Supposing that the afirmation is true

`1+1/(1+2)+1/(1+2+3)+1/(1+2+3+4)+cdots+1/(1+2+3+4+cdots+n)= sum_(k=1)^n 2/(k(k+1)) = S_n`

`S_1 = (2 xx 1)/(1+1)=1`

so supposing is true

`S_n = (2n)/(n+1)` then

`S_(n+1) = S_n + 2/((n+1)(n+2)) = (2(n+1))/(n+2)` which is the expected result.
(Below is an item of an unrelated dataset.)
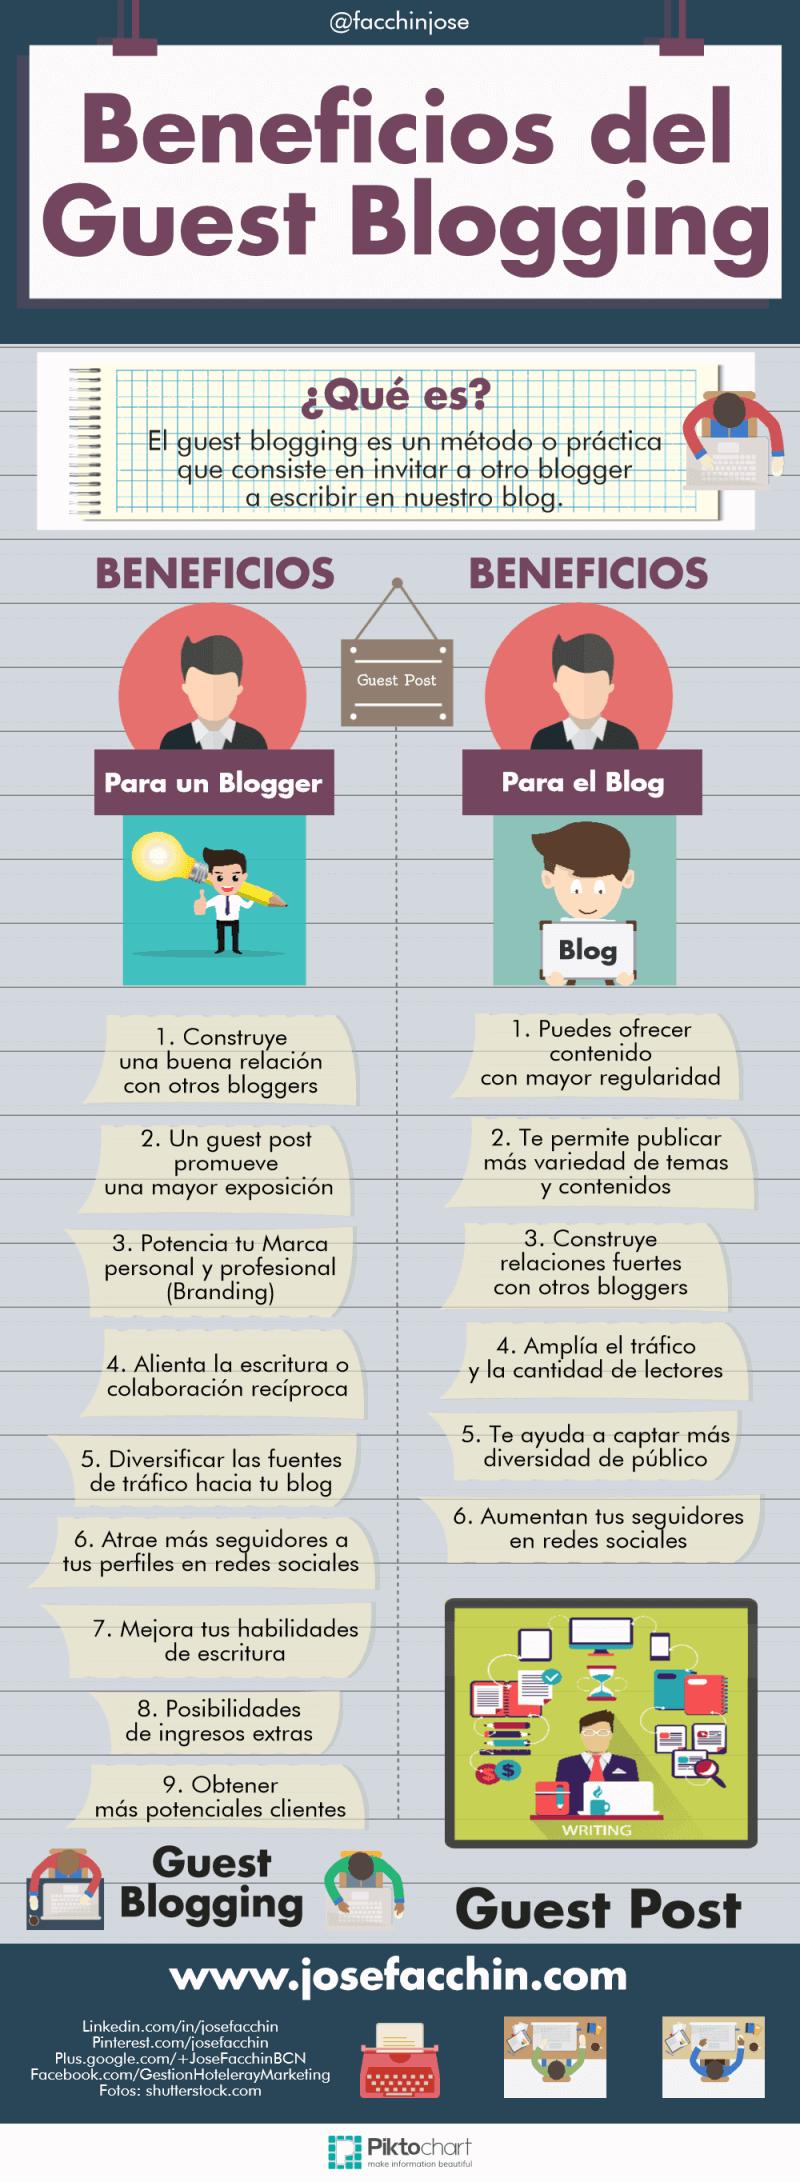 Beneficios del Guest Blogging - Infografía

Then by mathematical induction, it is true the assertion.

Answer 2

Prove by induction.

Explanation:

Proof by induction:

Base case

If `n = 1` then then left hand side is:

`1`

and the right hand side is:

`(2(1))/((1)+1) = 2/2 = 1`

So the equation holds for `n=1`

Induction step

First note that:

`1+2+3+...+n = 1/2 n(n+1)`

Suppose:

`1+1/(1+2)+1/(1+2+3)+...+1/(1+2+3+...+n) = (2n)/(n+1)`

Then:

`1+1/(1+2)+1/(1+2+3)+...+1/(1+2+3+...+n+(n+1))`

`= (2n)/(n+1)+1/(1+2+3+...+n+(n+1))`

`= (2n)/(n+1)+1/(1/2 (n+1)(n+2))`

`= (2n)/(n+1)+2/((n+1)(n+2))`

`= ((2n)(n+2))/((n+1)(n+2))+2/((n+1)(n+2))`

`= (2n^2+4n+2)/((n+1)(n+2))`

`= (2(n^2+2n+1))/((n+1)(n+2))`

`= (2(n+1)^2)/((n+1)(n+2))`

`= (2(n+1))/(n+2)`

Answer 3

`" The Sum="(2n)/(n+1).`

Explanation:

We will use a Method called Method of Telescopic Sum.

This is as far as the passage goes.